#### [WORK INSTRUCTION]
Give the lines below again, exactly as they stand, and leave out the images.

#### [MATERIAL PROVIDED]

-*-*-

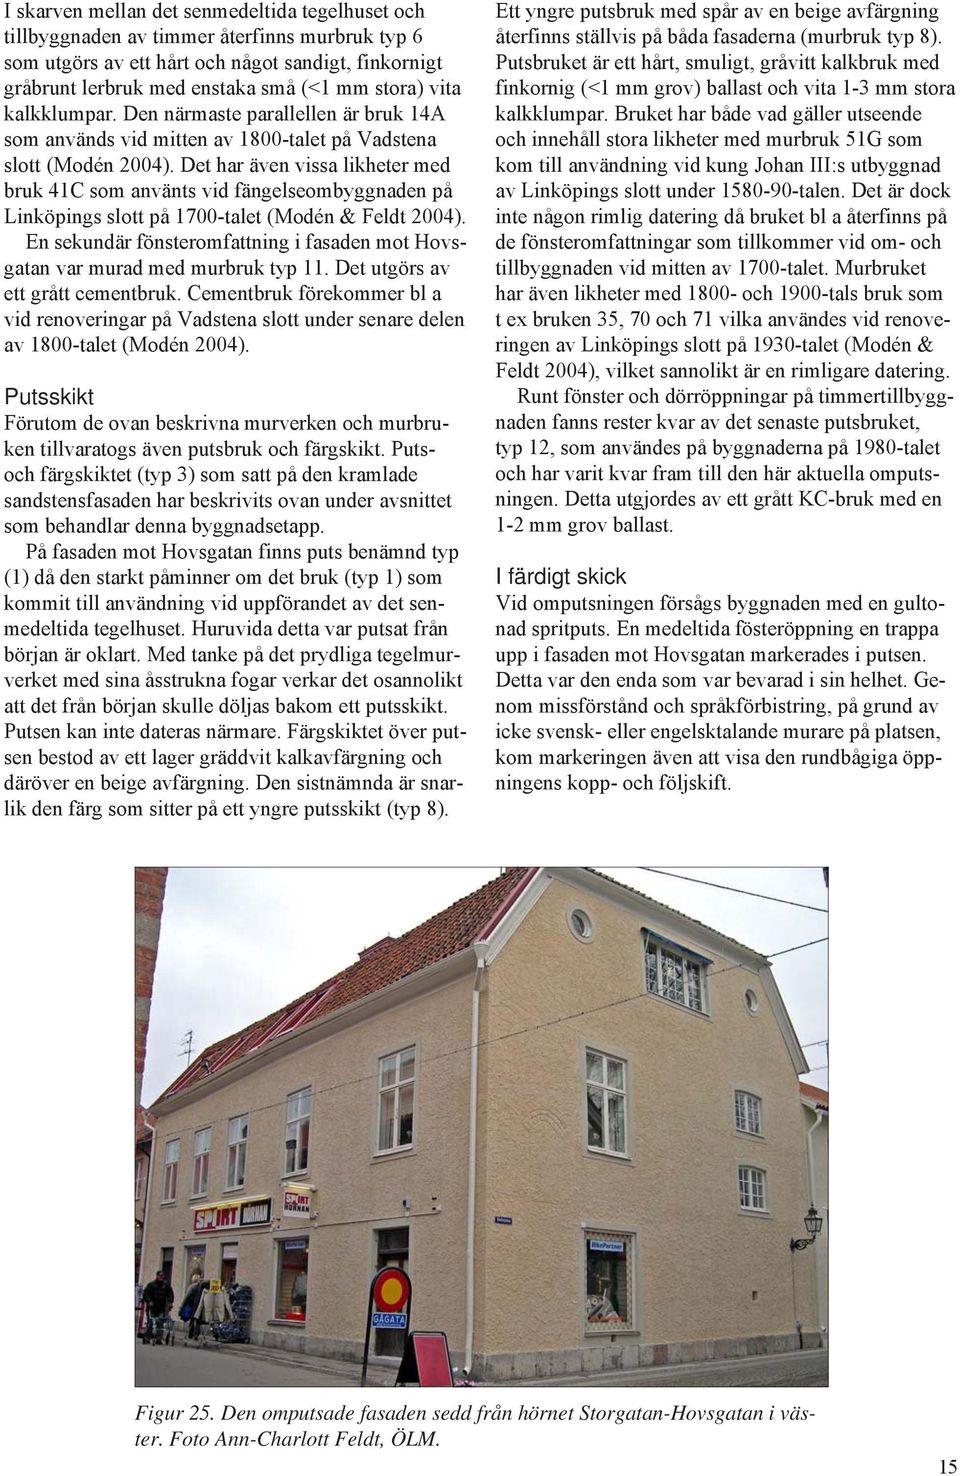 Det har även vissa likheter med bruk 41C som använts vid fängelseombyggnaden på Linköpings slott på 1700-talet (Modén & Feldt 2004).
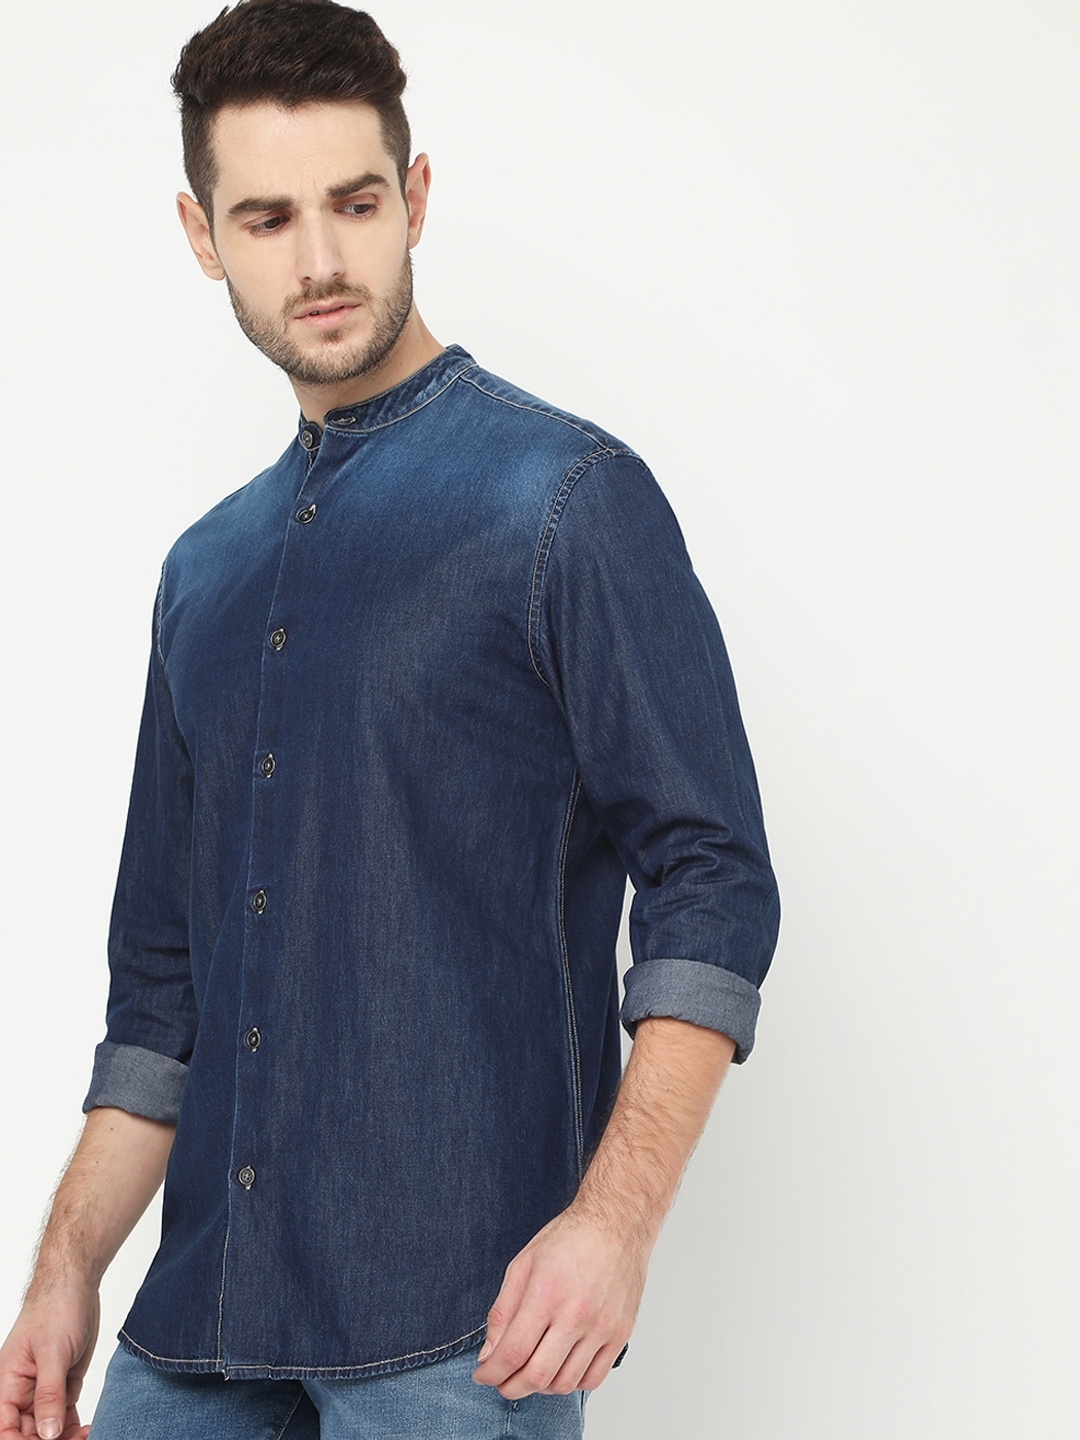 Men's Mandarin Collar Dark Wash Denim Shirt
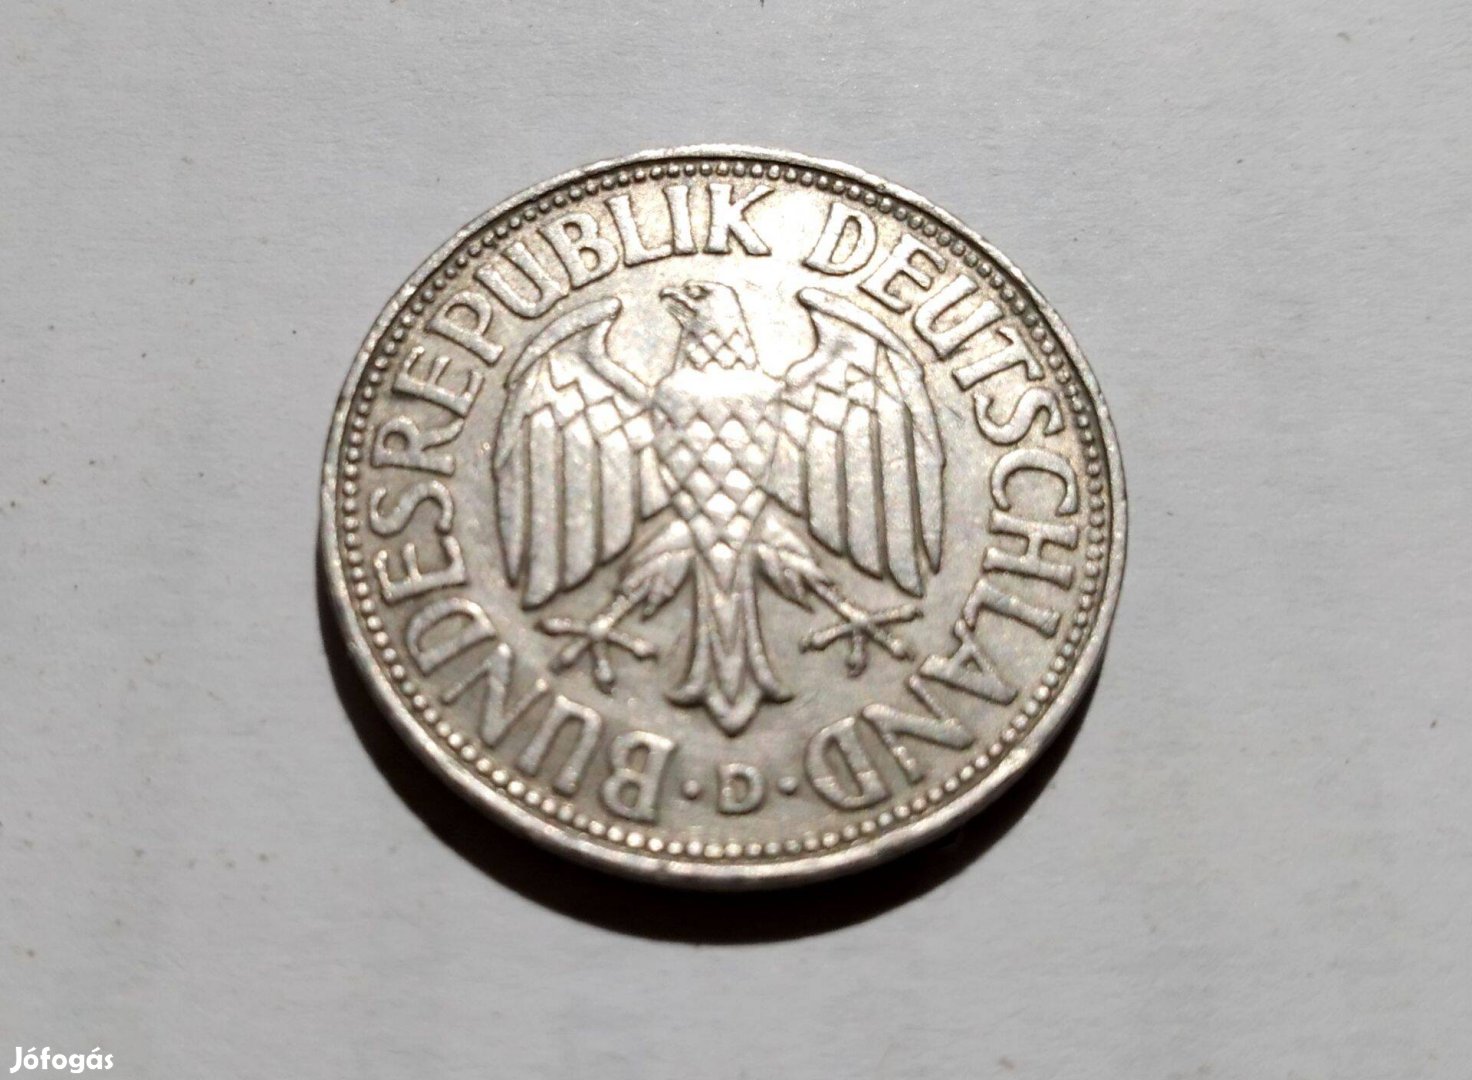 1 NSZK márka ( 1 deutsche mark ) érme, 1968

-*-*-

#### [EXPECTED ANSWER]
 Det har även vissa likheter med bruk 41C som använts vid fängelseombyggnaden på Linköpings slott på 1700-talet (Modén & Feldt 2004).
 Men's Mandarin Collar Dark Wash Denim Shirt
 1 NSZK márka ( 1 deutsche mark ) érme, 1968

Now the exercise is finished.